Untraced since 1885, the only remaining privately held gold Comitia Americana medal authorized by the United States Congress has surfaced and will be sold in the Stack’s Bowers Galleries April 4-8 Spring Auction, the Official Auction for the Whitman Coin and Collectibles Expo.
The Daniel Morgan at Cowpens medal was initially authorized in March 1781 by the Continental Congress to recognize the valor shown by Gen. Daniel Morgan at the 1781 Battle of Cowpens in South Carolina. It was designed by Augustin Dupre, the French master whose designs for this medal and others, including the Libertas Americana medal, earned him legendary status among the world’s medallic artists. The Morgan medal is generally considered the most beautiful of the Comitia Americana medals, referring to the medals authorized by Congress during the American Revolution. Its artistry inspired the designs of later Congressional Gold Medals struck to honor heroes of the War of 1812.

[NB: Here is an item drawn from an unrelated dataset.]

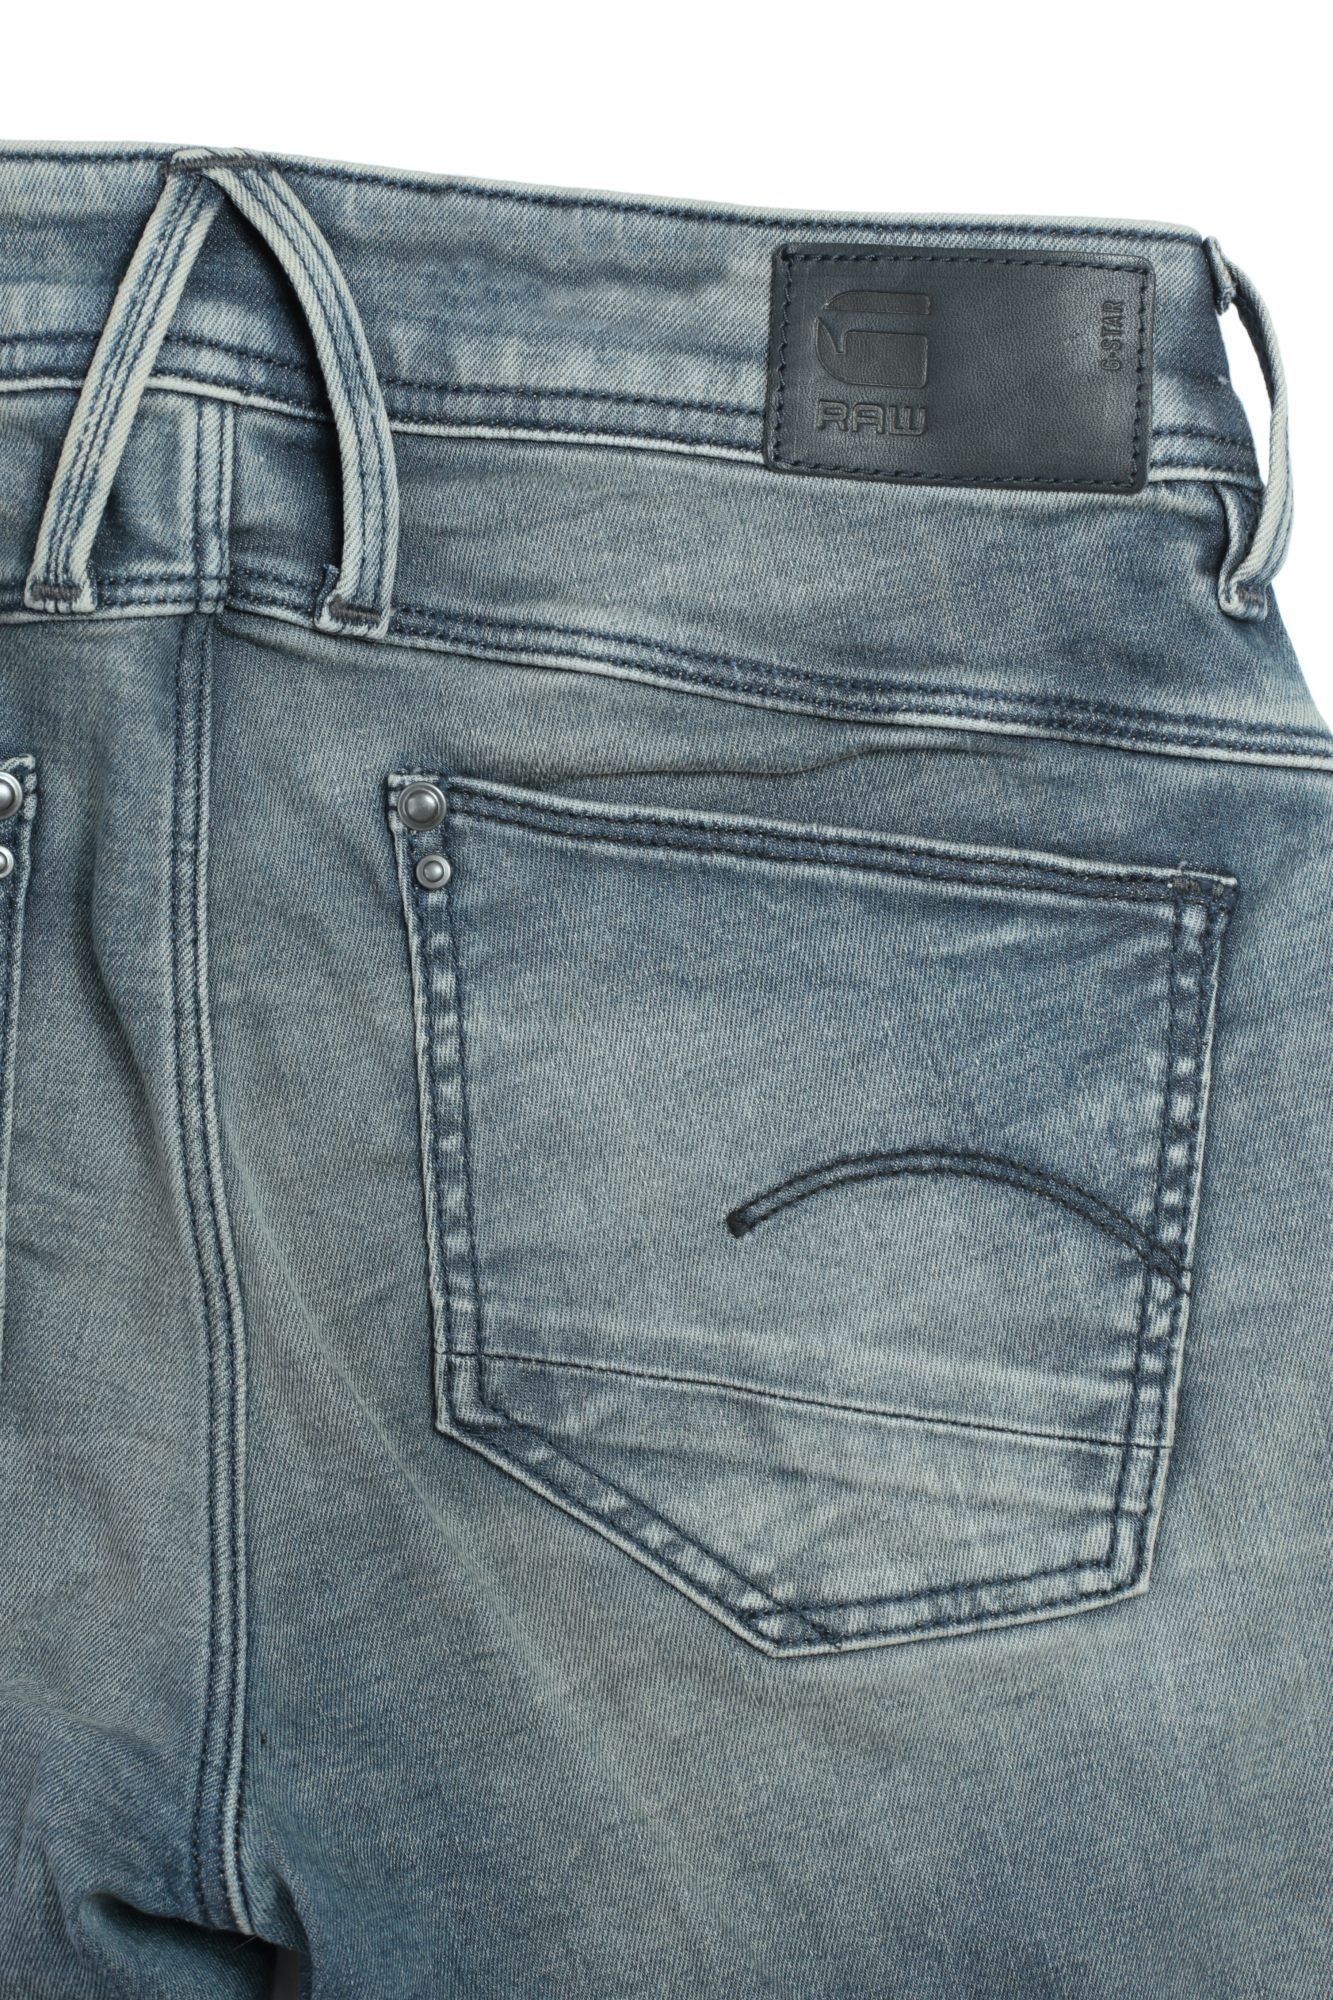 G STAR Lynn Mid Skinny WMN donna Raw Denim Jeans Pantaloni Pants Jeans A Sigaretta Stretch

Morgan’s gold medal was lost in 1818, stolen from a vault during the earliest recorded bank robbery in the history of Pittsburgh. Its owner, Pittsburgh banker and writer Morgan Neville, was Daniel Morgan’s grandson and his oldest male heir. Neville used his national reputation and political connections in a decades-long fight to have the gold medal replaced, enlisting the help of congressmen and even retired President Thomas Jefferson. In 1836, the United States Congress finally authorized a replacement medal, permitting just one to be struck in gold.
The medal authorized by Congress in 1836 is the piece to be offered in the Stack’s Bowers Galleries Spring Auction, struck in 1839 at the Philadelphia Mint and presented in 1841 to Morgan Neville’s son.
It remained in the family until at least 1885. At some point, the medal was acquired by famed financier J.P. Morgan who believed, incorrectly, that Daniel Morgan was his kin. The medal disappeared from view for decades, resurfacing in recent months still in its original box of issue. It has been authenticated by Professional Coin Grading Service (PCGS) and graded SP63.